Candidates need to be flexible, responsive, and financially smart.

The healthcare job market is changing—those who adapt now will lead the industry forward.

And for the executive search market and the billionaire staffing firms dominating healthcare recruitment?

We need to do better.

There are 4,259 acute care hospitals in the U.S. today. Of the top five staffing firms, the top three rake in billions annually—yet the hiring process has never been more inefficient, expensive, and chaotic.

Since 2020, healthcare recruitment has turned into a noisy, messy battlefield, with startups and legacy firms fighting for market share. Hospitals that want to work with firms or need to —Be upfront about what you need, your budget and your expectations. Focus on finding the right partners for your hospital and take action. When the hospital, candidate, and hiring strategies align, the opportunities are endless.

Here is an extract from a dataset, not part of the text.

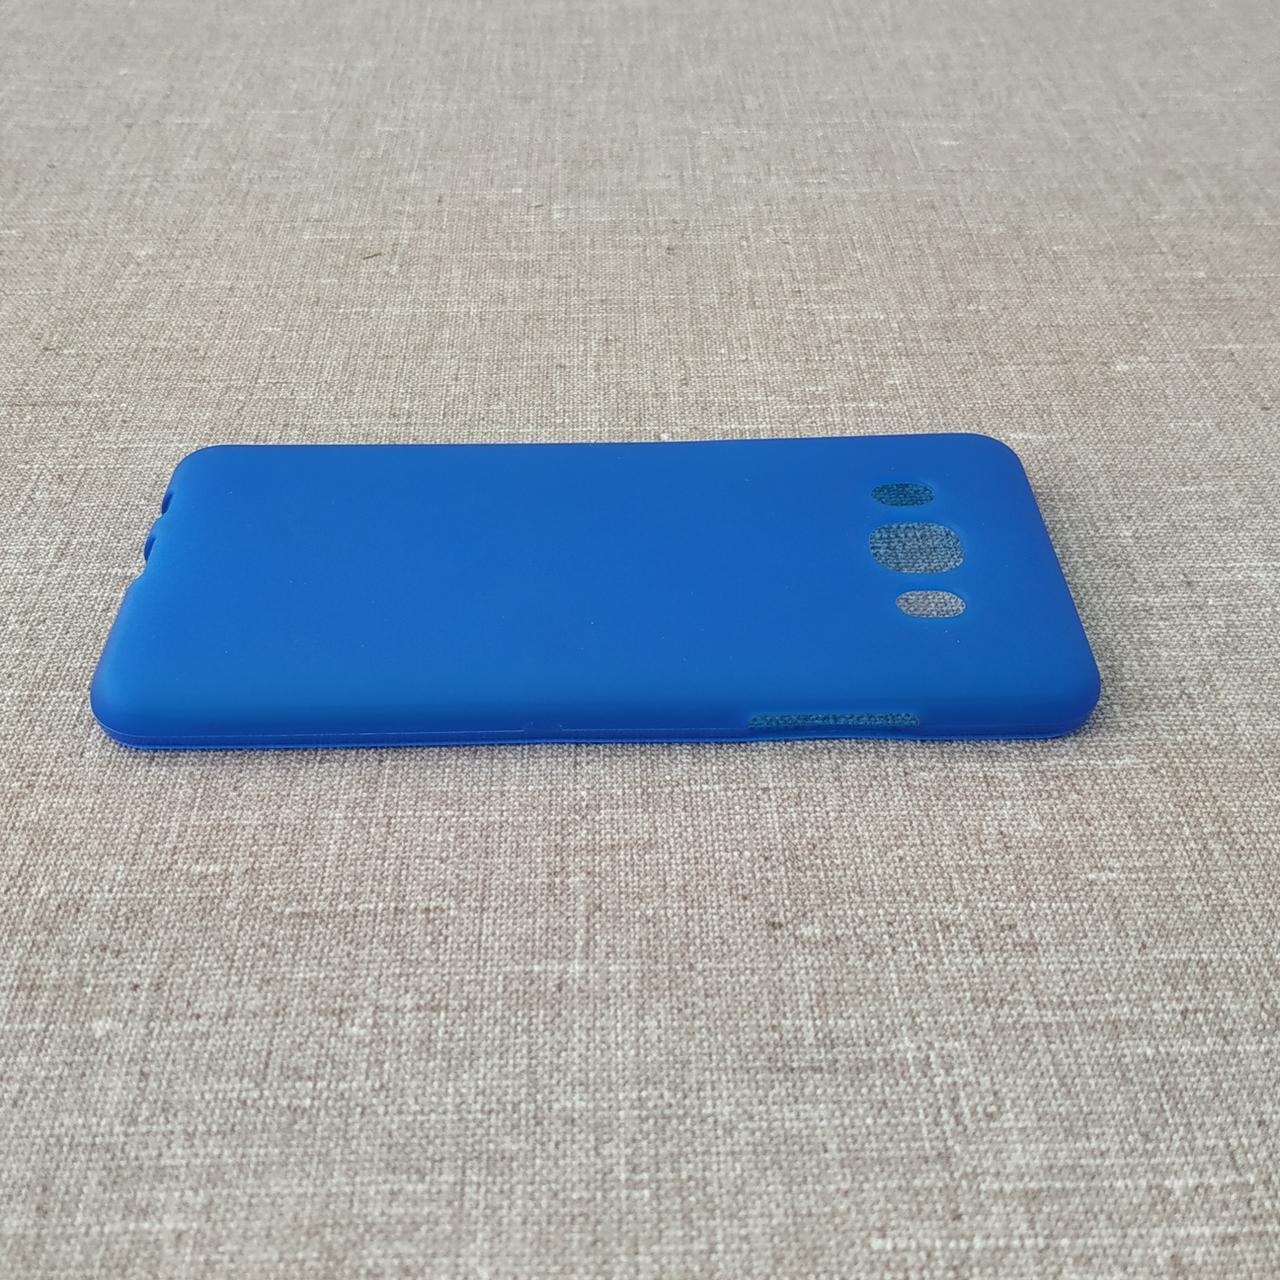 Чехлы для Galaxy J Series (остальные модели) TPU Samsung J510 blue J5 (J530) 2017 Для телефона

As of January 2025, the American Hospital Association (AHA) reports 6,093 hospitals in the U.S., employing 5.6 million healthcare professionals (U.S. Bureau of Labor Statistics, January 2025). The U.S. hospital services market hit $1.4 trillion in 2024, with projections to reach $2.05 trillion by 2030.

This industry needs every RN, physician, Revenue Cycle Manager, and, yes, recruitment and search partner working smarter, better, and faster.

Hire wisely, find the right partners, and build the workforce that will sustain and grow healthcare in the future.

Nicole Barbano, Founder and Principal - Hunter Ambrose Int.